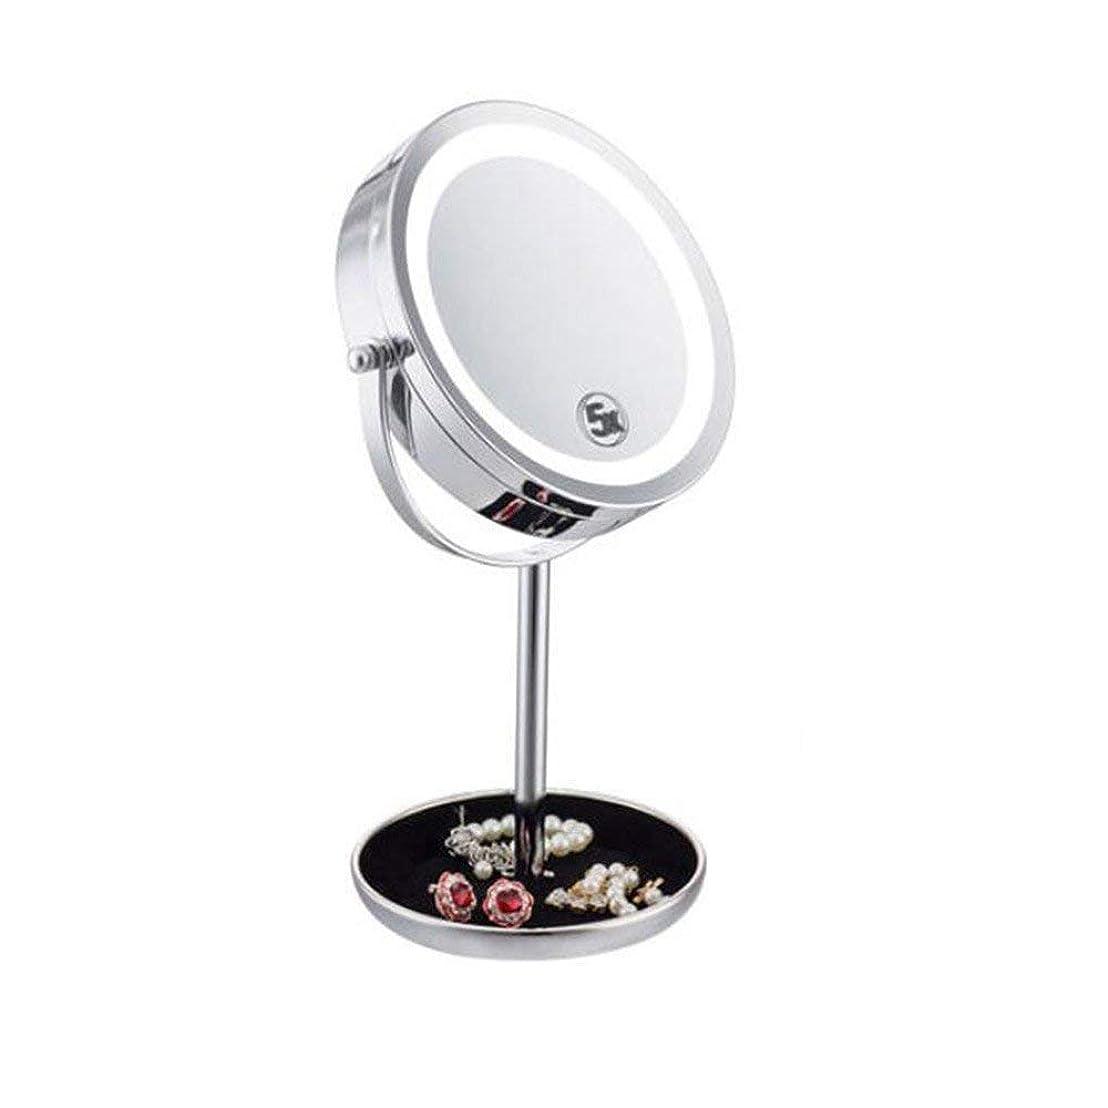 ピルファーアフリカフレアLEDライトライトメイクアップミラー両面5倍虫眼鏡360o回転テーブルタッチセンサーミラー
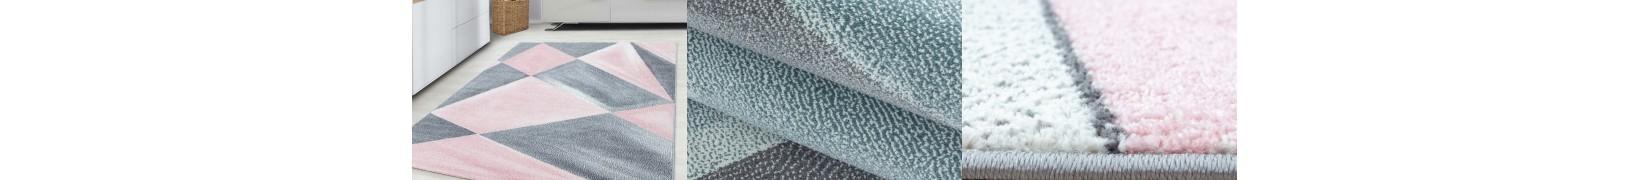 Modne, nowoczesne dywany pokojowe. Kolekcja Betar - Hit!
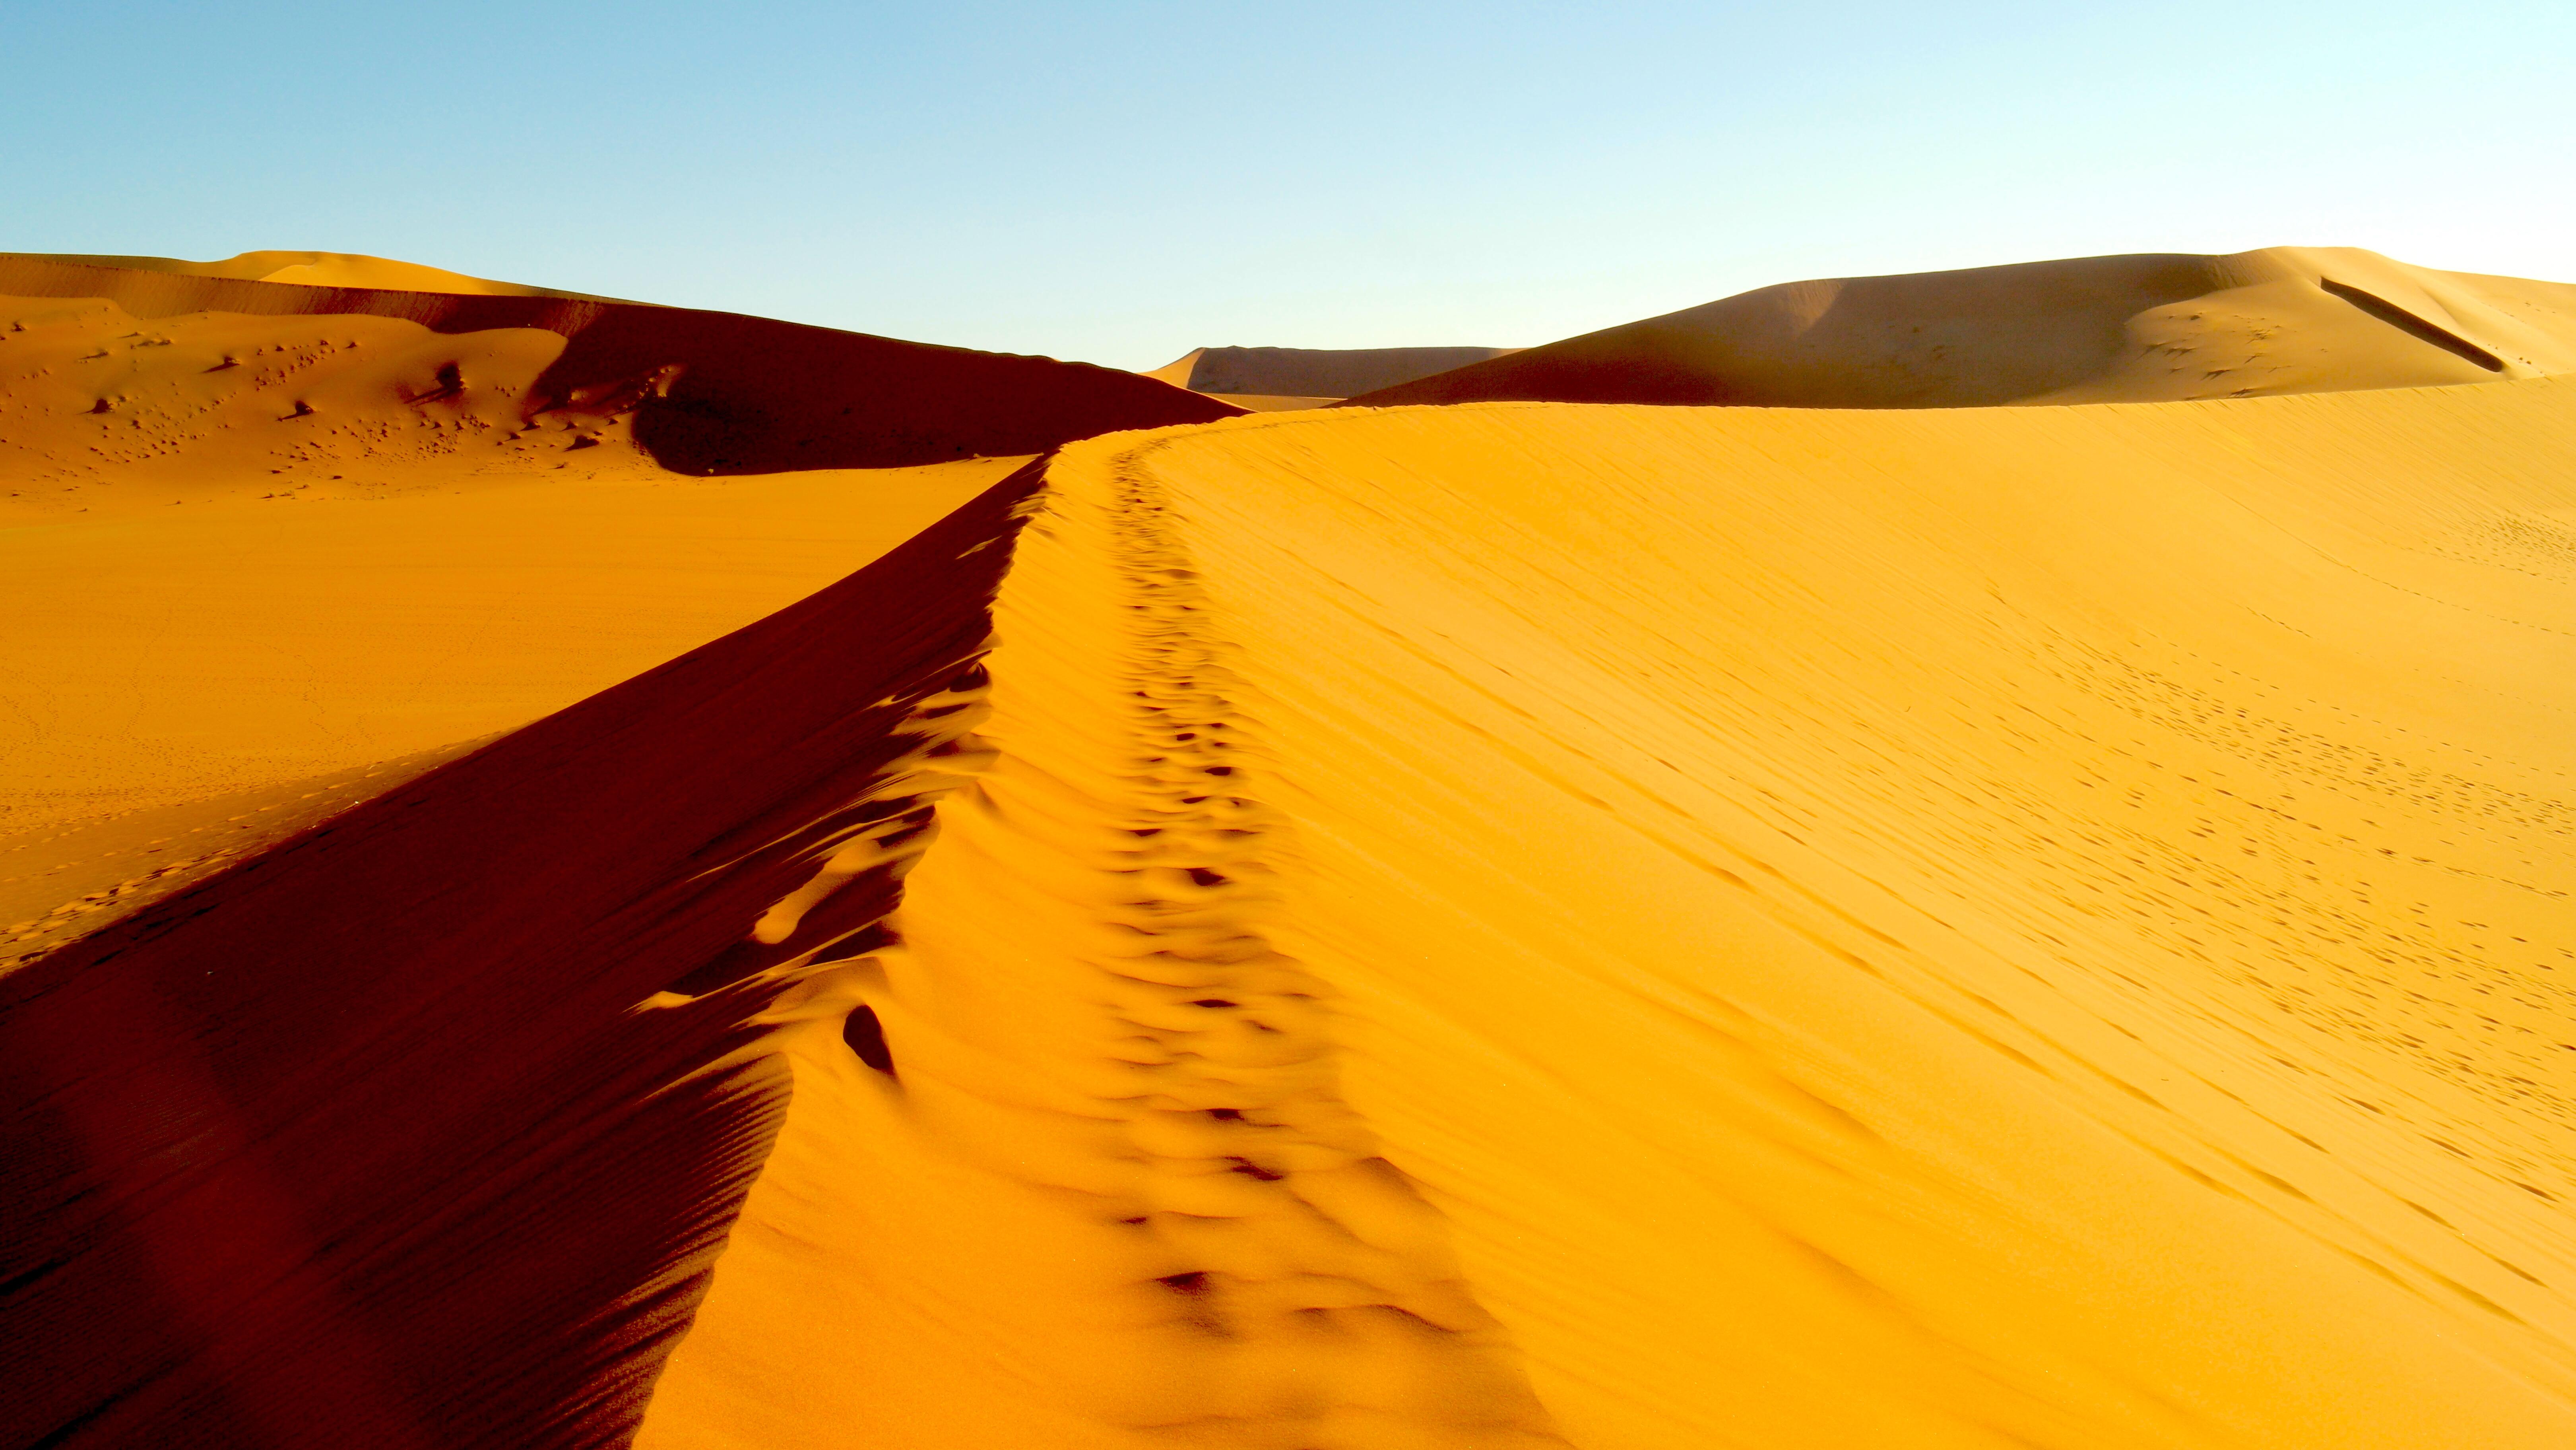 namib-desert-dunes-deadvlei-lustforthesublime

■ ■ ■ ■ ■ ■ ■

_ACTIVITY_
Would you give the data above again word for word, skipping any images?

_RESPONSE BOX_
 ピルファーアフリカフレアLEDライトライトメイクアップミラー両面5倍虫眼鏡360o回転テーブルタッチセンサーミラー
 Modne, nowoczesne dywany pokojowe. Kolekcja Betar - Hit!
 namib-desert-dunes-deadvlei-lustforthesublime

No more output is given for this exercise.